Ø What is the role of technology in supply chain financing and how is it evolving?
Technology is at the core of transforming the traditional invoice discounting to dynamic vendor financing – which covers the entire supply chain and gives flexibility to every vendor to get access to this proposition as and when needed. The other biggest problem that technology solves is data security. Our platform is built on proprietary technology that uses public data, consent-based data, network behaviour data on platforms, user patterns and the dynamic demand-supply of funds in a supply chain. This is used to determine the optimal rate of financing for each supplier. This pricing engine is the core that enables us to create a win-win situation for each buyer and seller and mobilise funds within the supply chain. We have built a modular and secure infrastructure with distinct product features and workflows that our customers can use based on their context – whether it’s receivable acceleration, payment via credit, automation SaaS, etc. The algorithm works on a real-time basis and helps the users in finance teams in simplifying otherwise lengthy and cumbersome processes e.g., reconciliations, data entry, manual negotiations, etc.

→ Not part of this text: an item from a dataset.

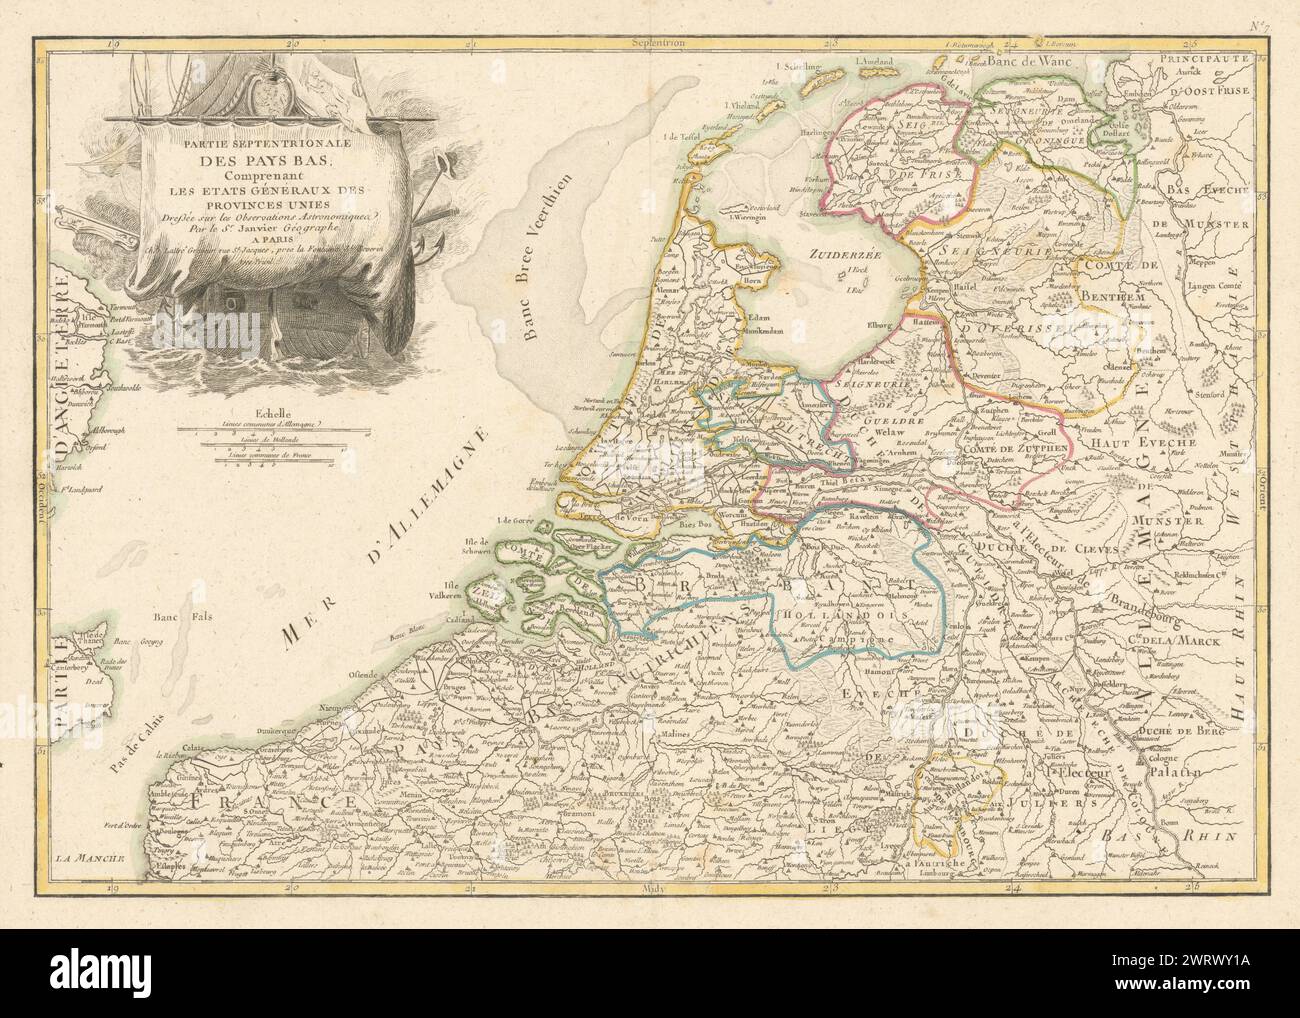 'Partie Septentrionale des Pays Bas'. Netherlands. Jean Janvier c1762 old map Stock Photo

Ø Please elaborate on CashFlo’s business expansion plans and growth targets.
We have recently raised our second round of funding, led by General Catalyst. Elevation Capital also doubled down on its investment from the previous round. The aim is to grow CashFlo’s product lines for the CFO function to become their one-stop Finance Automation & Payments platform, invest in core technology, and expand its category leadership in the Dynamic Vendor Financing market.